Local indicators of child poverty after housing costs, 2022/23

Estimates of child poverty after housing costs in parliamentary constituencies and local authorities

This report summarises findings for the latest update to the Local Indicators of Child Poverty After Housing Costs statistics produced by the Centre for Research in Social Policy, Loughborough University, for the End Child Poverty Coalition. The data build upon the Children in Low Income Families data produced by the Department for Work and Pensions, which show the rate of child poverty before housing costs in local areas. Using local administrative data and analysis of the household survey Understanding Society, we produced modelled estimates that account for housing costs, thereby providing a more
accurate picture of how disposable incomes vary in different geographical areas.
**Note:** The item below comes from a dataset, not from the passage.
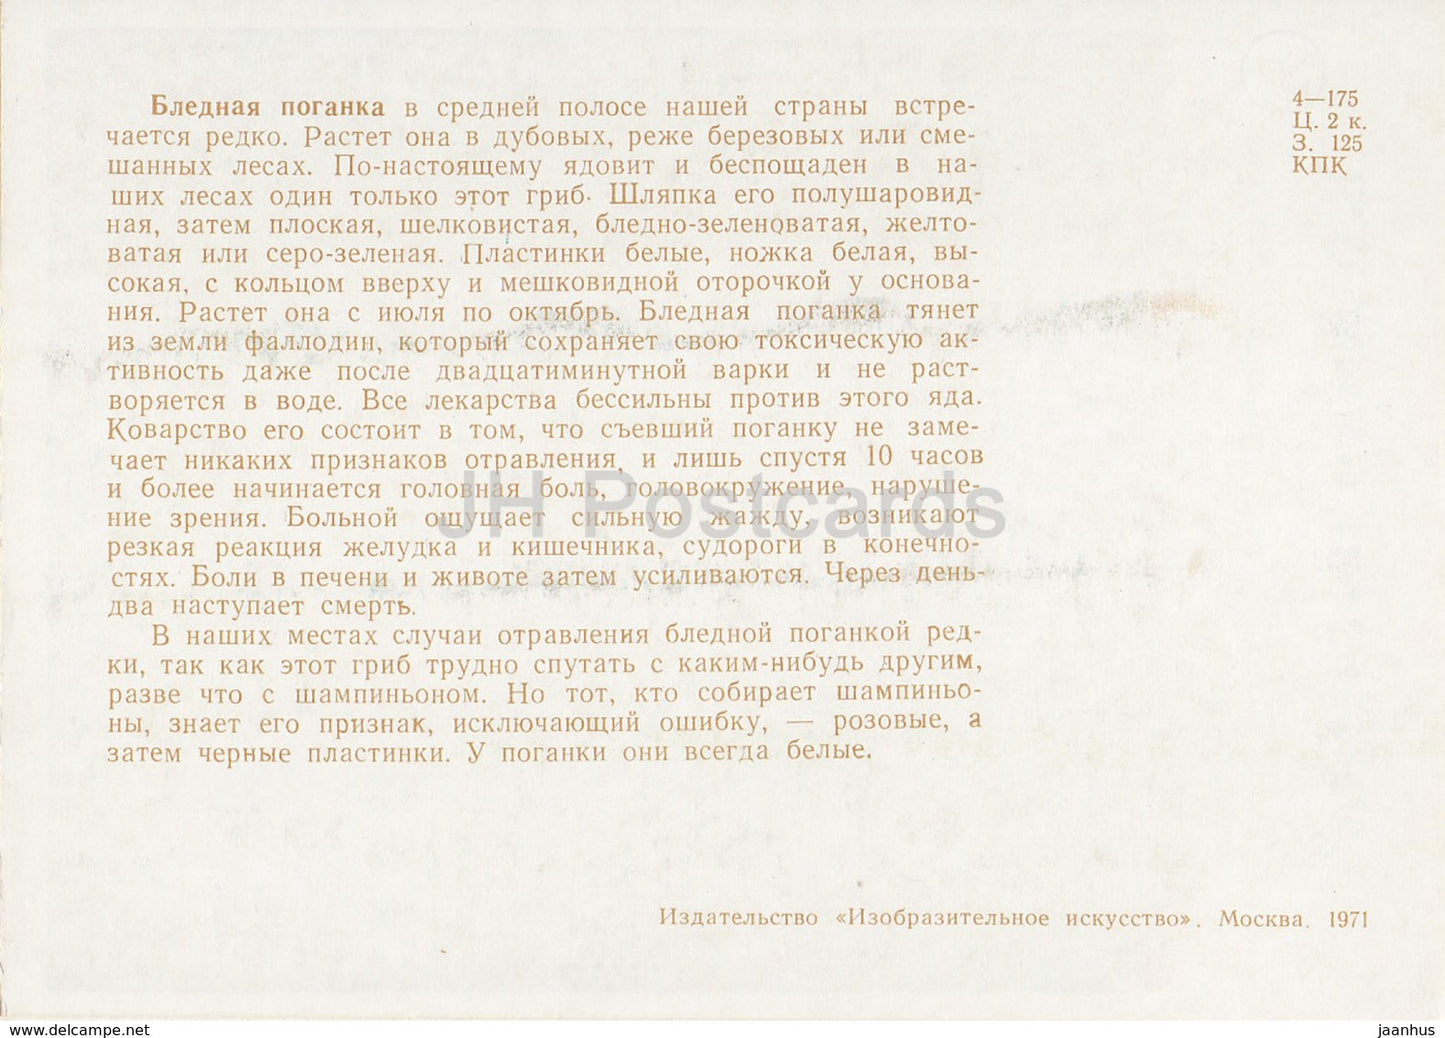 Casquette mortuaire - Amanita phalloides - champignons - illustration - 1971 - Russie URSS - inutilisé

We present findings for the new parliamentary constituencies that will come into effect following the general election in July 2024, providing a valuable source of information for the incoming government in developing targeted strategies to reduce child poverty across the UK.

Key findings

  • In 2022/23, national estimates indicate that 4.3 million children (30% of all children) were in relative poverty, and the poverty rate also remains high across the nations and regions.
  • In two-thirds of constituencies, at least one in four children are in relative poverty after housing costs.
  • Rates of child poverty at or above 25% are particularly prevalent in the North East, North West and Wales.
  • There is widespread inequality in the rate of child poverty within the countries and regions of the UK, and this has widened over time.
  • Constituency-level child poverty rates are directly and strongly correlated with the percentage of children affected by the two-child limit in that local area, providing further evidence that the policy is a key driver of child poverty.
  • Reducing child poverty in local areas will rely not only on targeted action within these communities, but will require changes at a national level such as removing the two-child limit and increasing the value of working age benefits.